Relevant Provisions of the MRU Act
Sections 3 and 4 of the MRU Act are relevant in this context. Section 3 provides for declaration of an industrial undertaking as a “relief undertaking”. If at any time it appears to the State Government necessary to do so, the State Government may, by notification in the Official Gazette, declare that an industrial undertaking specified in the notification to which any loan, guarantee or other financial assistance has been provided by the State Government shall, with effect from the date specified for the purpose in the notification, be conducted to serve as a measure of preventing unemployment or of unemployment relief and the undertaking shall accordingly be deemed to be a relief undertaking for the purposes of this Act.

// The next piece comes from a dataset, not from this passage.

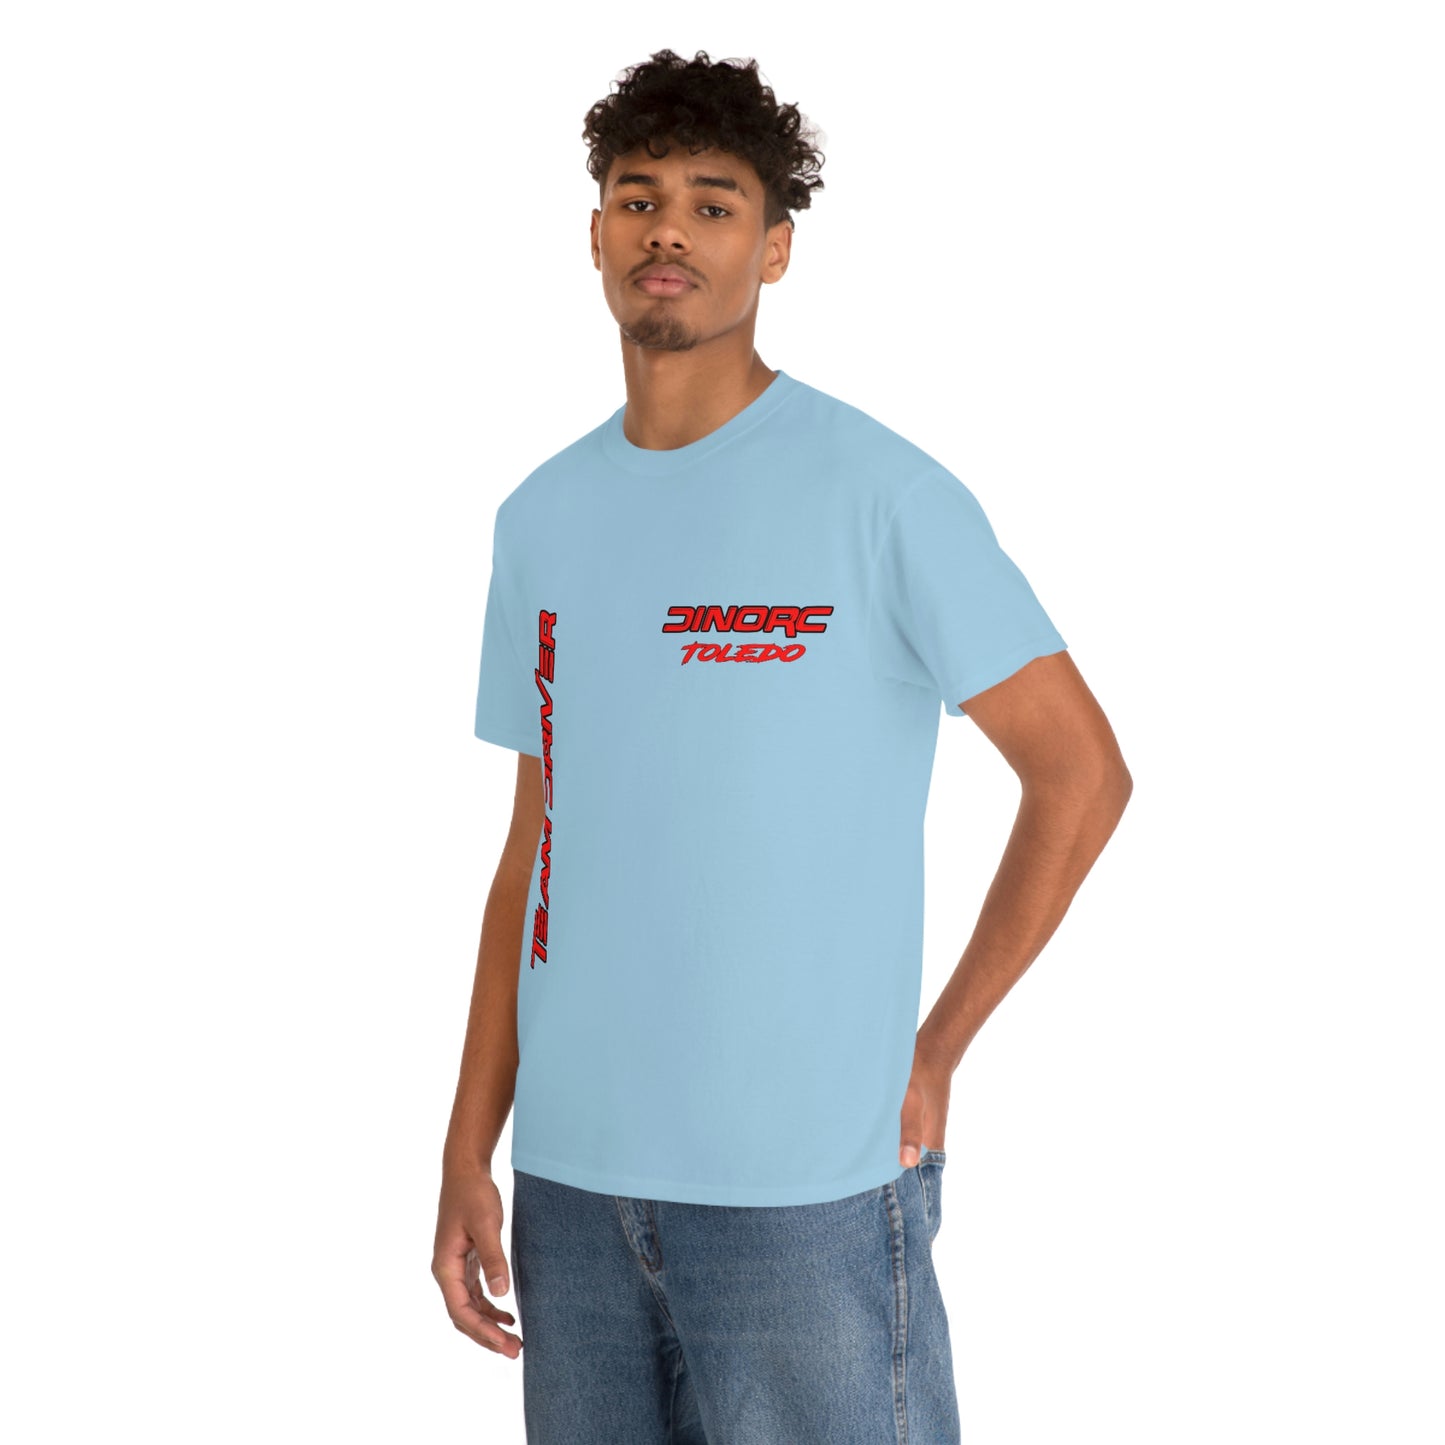 Team Driver Toledo Front and Back DinoRc Logo T-Shirt S-5x 5 colors

Section 4 deals with the power of State Government to prescribe industrial relations and other facilities temporarily for a relief undertaking. Section 4 is a non-obstante clause, which states as follows:
“4. (1) Notwithstanding any law, usage, custom, contract, instrument, decree, order, award, submission, settlement, standing order or other provision whatsoever, the State Government may, by notification in the official Gazette, direct that—
(a) in relation to any relief undertaking and in respect of the period for which the relief undertaking continues as such under sub-section (2) of section 3—
(i) all or any of the laws in the Schedule to this Act or any provisions thereof shall not apply (and such relief undertaking shall be exempt therefrom), or shall, if so directed by the State Government, be applied with such modifications (which do not however affect the policy of the said laws) as may be specified in the notification;
(ii) all or any of the agreements, settlements, awards or standing orders made under any of the laws in the Schedule to this Act, which may be applicable to the undertaking immediately before it was acquired or taken over by the State Government or before any loan, guarantee or other financial assistance was provided to it by, or with the approval of, the State Government, for being run as a relief undertaking, shall be suspended in operation or shall, if so directed by the State Government, be applied with such modifications as may be specified in the notification;
(iii) rights, privileges, obligations and liabilities shall be determined and be enforceable in accordance with clauses (i) and (ii) and the notification;
(iv) any right, privilege, obligation or liability accrued or incurred before the undertaking was declared a relief undertaking and any remedy for the enforcement thereof shall be suspended and all proceedings relative thereto pending before any court, tribunal, officer or authority shall be stayed ;
(b) the right, privilege, obligation or liability referred to in clause (a) (iv) shall, on the notification ceasing to have force, revive and be enforceable and the proceedings referred to therein shall be continued:
Question(s) under Consideration
(i) Whether the non-obstante clause contained in section 4 of the MRU Act shall override the non-obstante clause contained in section 238 of the Code?
(ii) In view of the fact that section 7 of the Code envisages determination of the existence of default for the admission of an application under the Code, whether the MRU Act calls for suspension of such determination too?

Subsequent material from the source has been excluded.